### EXERCISE
Starting with the line that holds "Women's Slip On" and stopping after the line that holds "Odeon Coffee Table - More Options", repeat the lines below word for word, without the pictures.

### PROVIDED RECORDS
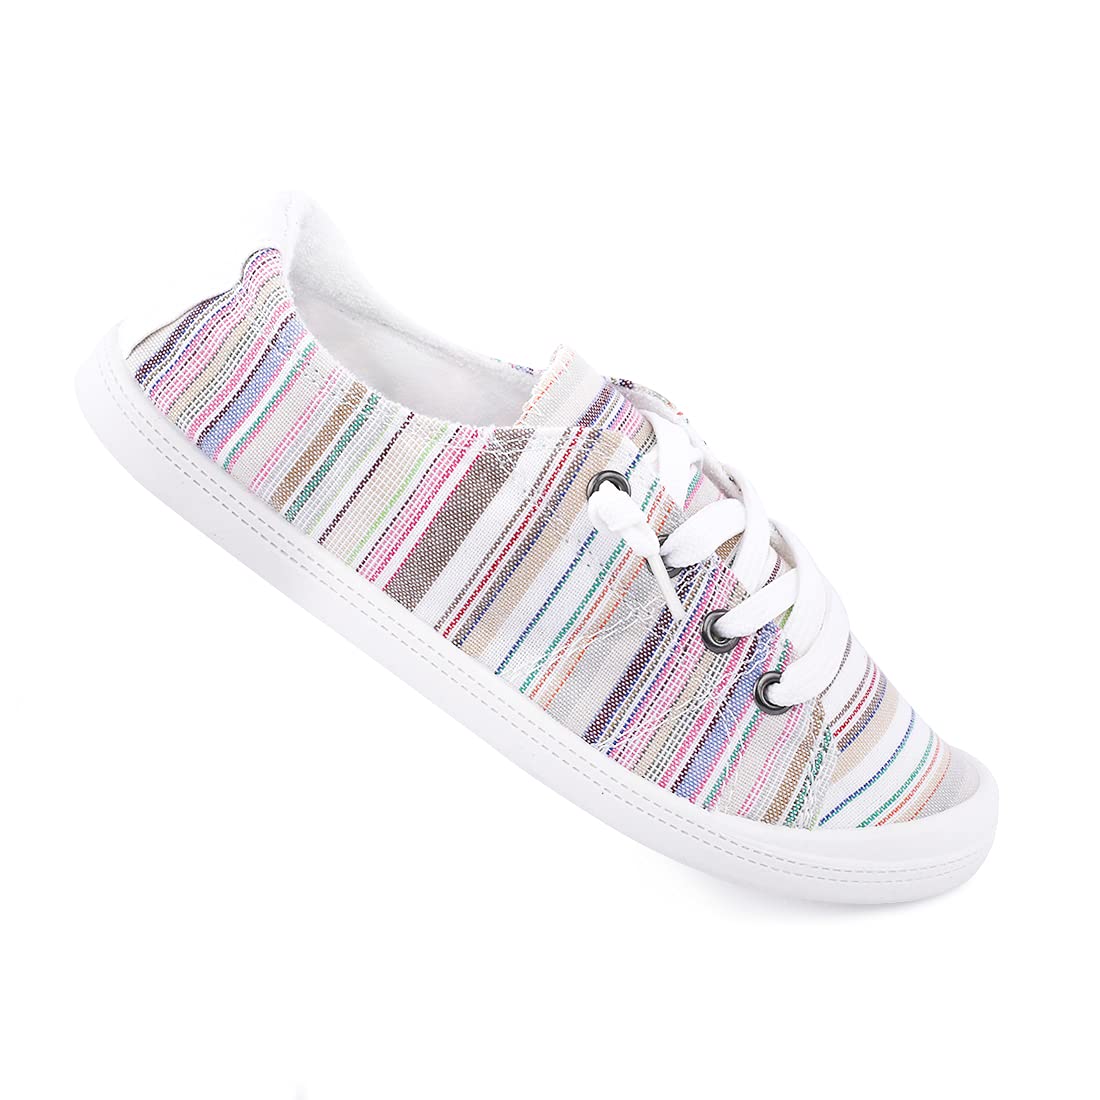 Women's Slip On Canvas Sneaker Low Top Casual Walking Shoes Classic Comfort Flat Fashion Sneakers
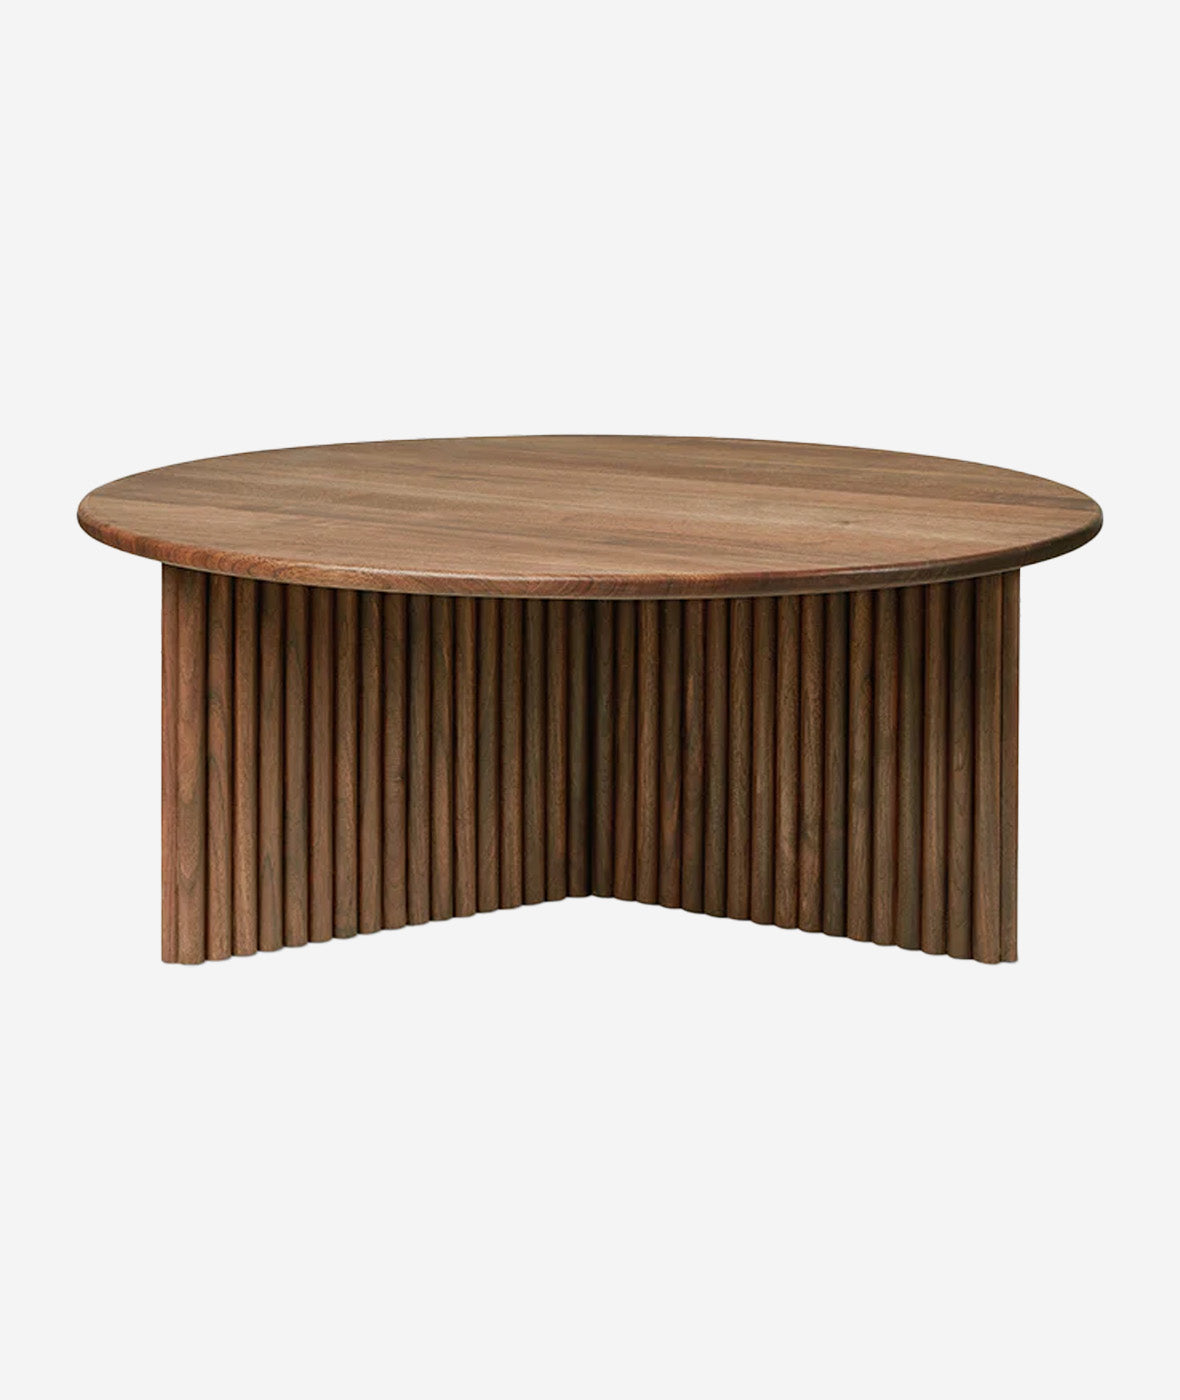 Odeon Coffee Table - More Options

* * *

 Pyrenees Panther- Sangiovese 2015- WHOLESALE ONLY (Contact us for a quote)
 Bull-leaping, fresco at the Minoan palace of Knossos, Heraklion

==

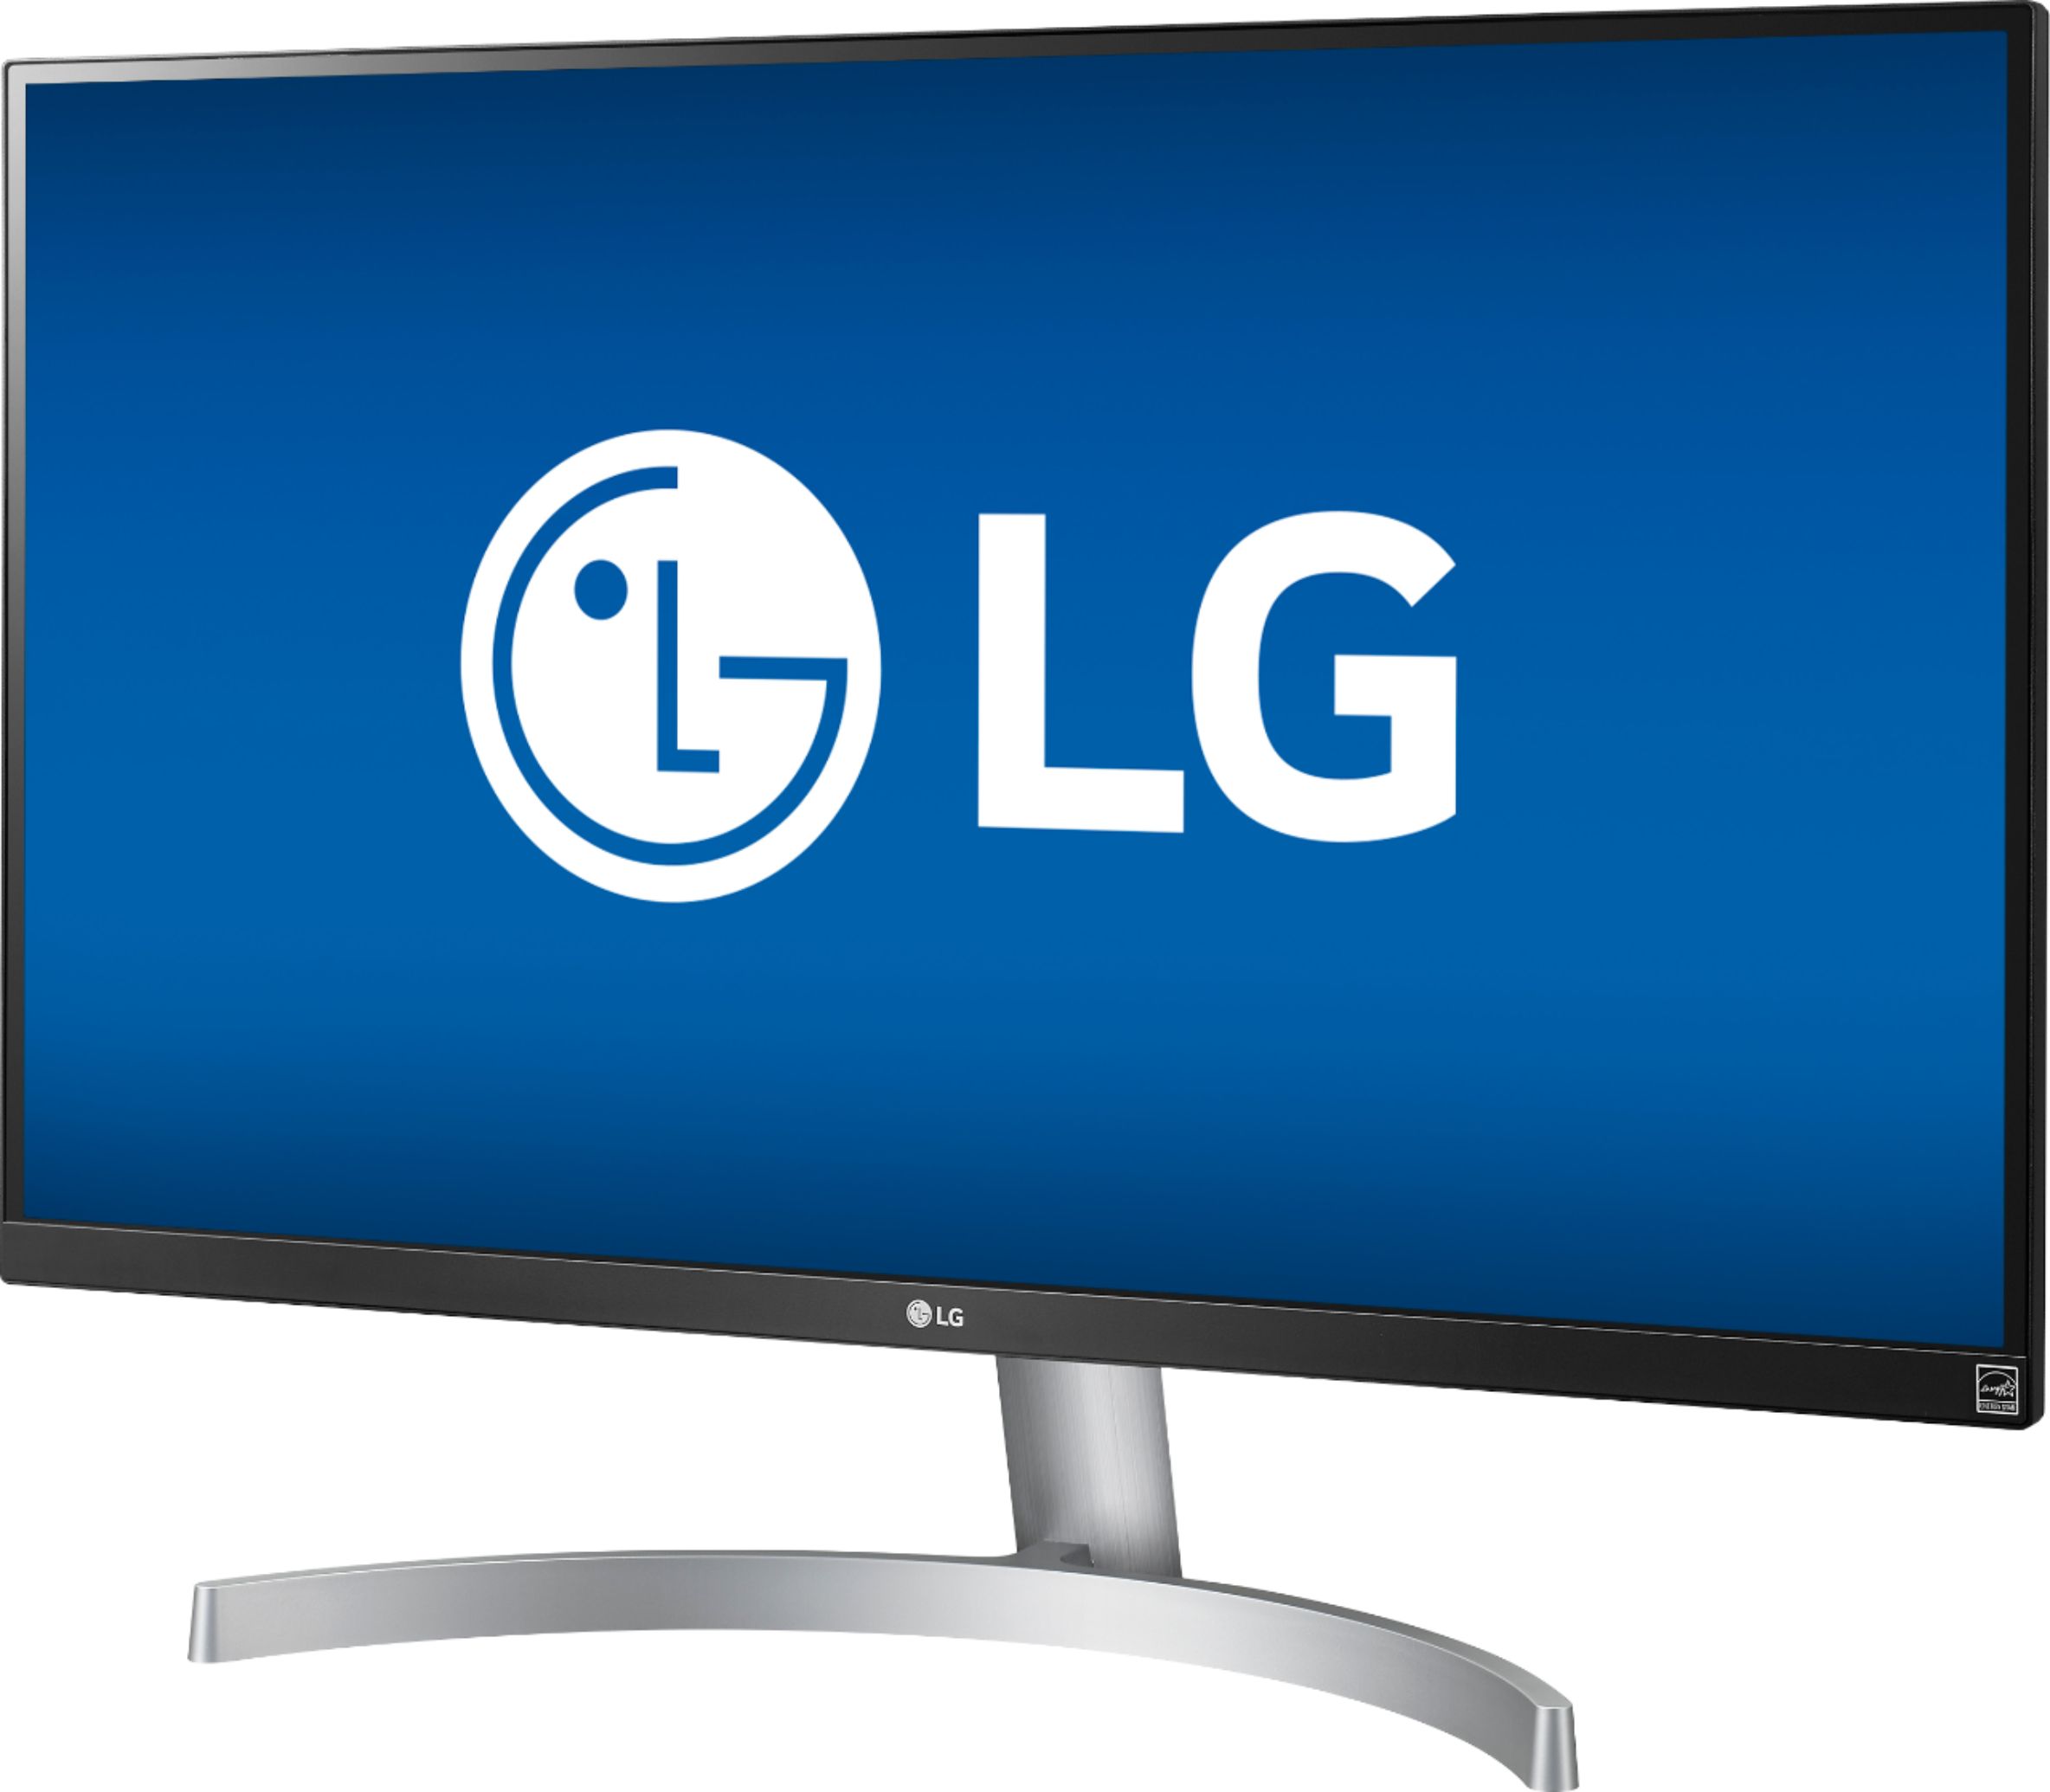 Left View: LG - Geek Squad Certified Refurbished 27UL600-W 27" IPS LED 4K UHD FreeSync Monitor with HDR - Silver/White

### ANSWER SPACE
 Women's Slip On Canvas Sneaker Low Top Casual Walking Shoes Classic Comfort Flat Fashion Sneakers
 Odeon Coffee Table - More Options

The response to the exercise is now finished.